2. Electrical machine according to claim 1, wherein the rotor (2) is a hollow shaft, which extends around the axis of rotation

(R) rotates and the receiving space is formed through the interior of the hollow shaft.

3. Electrical machine according to claim 2, wherein the rotor position sensor (5) is mounted in the interior space on a support member and is supported by this.

4. Electrical machine according to claim 3, wherein the rotor position sensor (5) is mounted on the carrier element positively and / or non-positively and can be solved without destruction of the support element.

5. Electrical machine according to claim 3, wherein the rotor position sensor (5) is integrated in the carrier element.

6. Electrical machine according to one of the claims 2 to 5, wherein a sensor track (6) on an inner wall defining the inner wall of the rotor (2) forming the hollow shaft is present and upon rotation of the rotor (2) relative to the rotor position sensor (5). which supplies the output signal by detecting the sensor track (6).

7. Electrical machine according to one of the claims 3 to 6, wherein the carrier element from one side of the electric machine in the interior of the rotor (2) is inserted such that in the normal operation, the rotor (2) forming the hollow shaft relative to the Carrier element rotates.

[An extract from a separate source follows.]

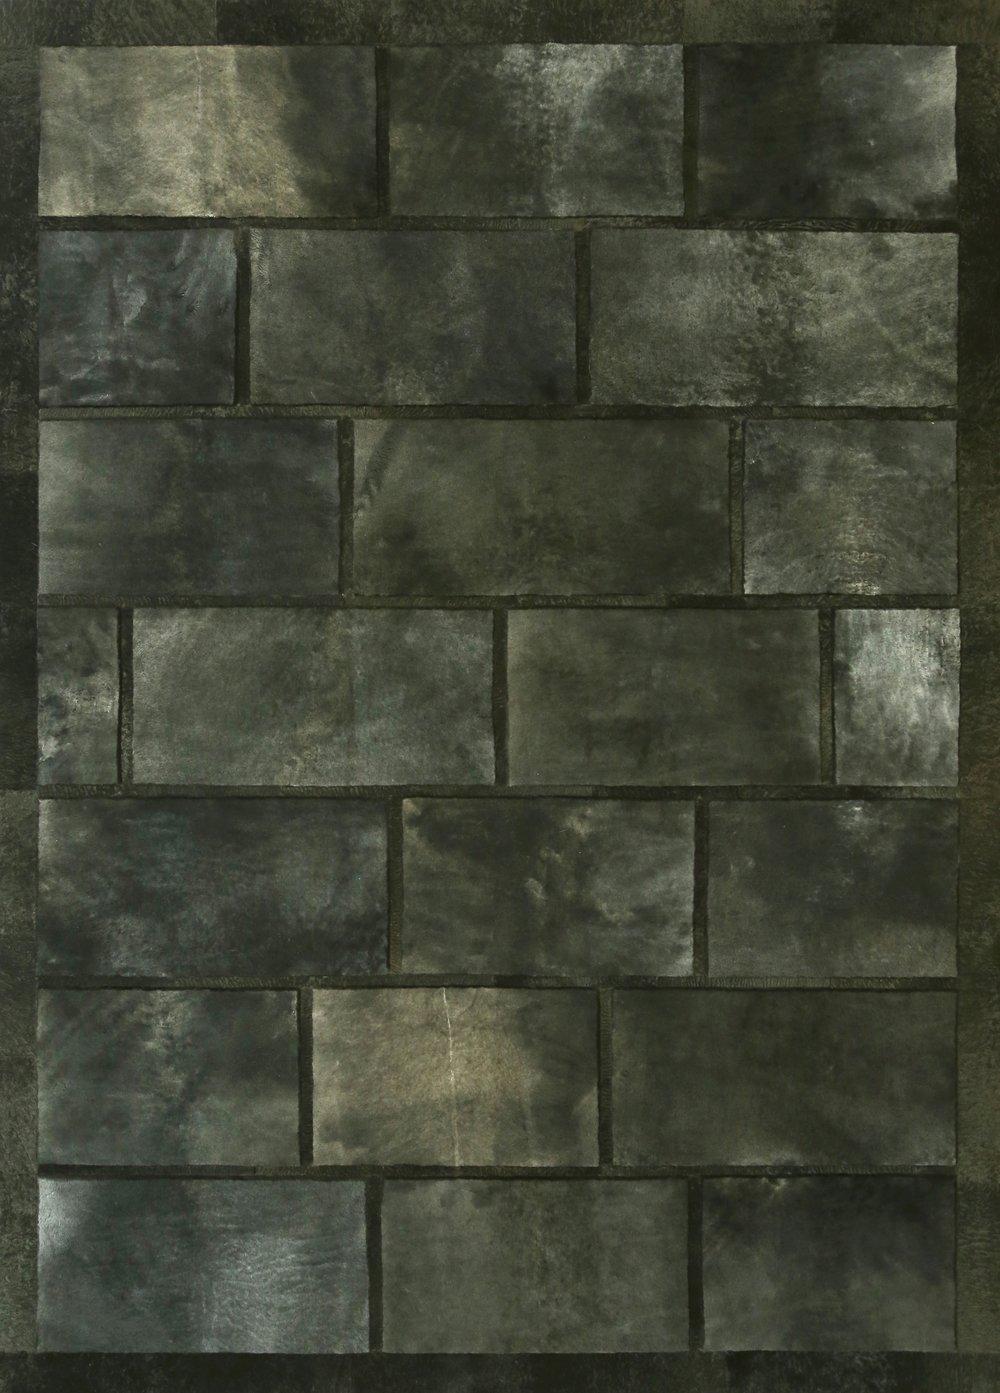 ANKA 'MUTON' (K 44-AST 44) (13).jpg

8. Electrical machine according to one of the claims 3 to 7, wherein the support member is a cooling lance (3) having at least one channel (4) through which a cooling medium is introduced into the hollow shaft or discharged from the hollow shaft during normal operation ,

9. Electrical machine according to one of the claims 3 to 8, wherein the rotor (2) is a foreign-excited rotor (2) and electrical lines, which are necessary for a connection of the rotor position sensor (5) extend on and / or in the carrier element and From the rotor position sensor (5) are led out of the hollow shaft, where they are connected to electrical lines, which are responsible for the extraneous rain of Rotor (2) are necessary to be merged into a harness.

10. Electrical machine according to one of the claims 3 to 9, wherein on the support element, preferably in the direction of the axis of rotation (R), a plurality of rotor position sensors (5) for increasing a resolution of the rotational position of the rotor (2) are arranged.

11 motor vehicle or motorcycle having an electric drive unit for driving the motor vehicle or the motorcycle, wherein the drive unit is an electrical machine according to one of the preceding claims 1 to 10.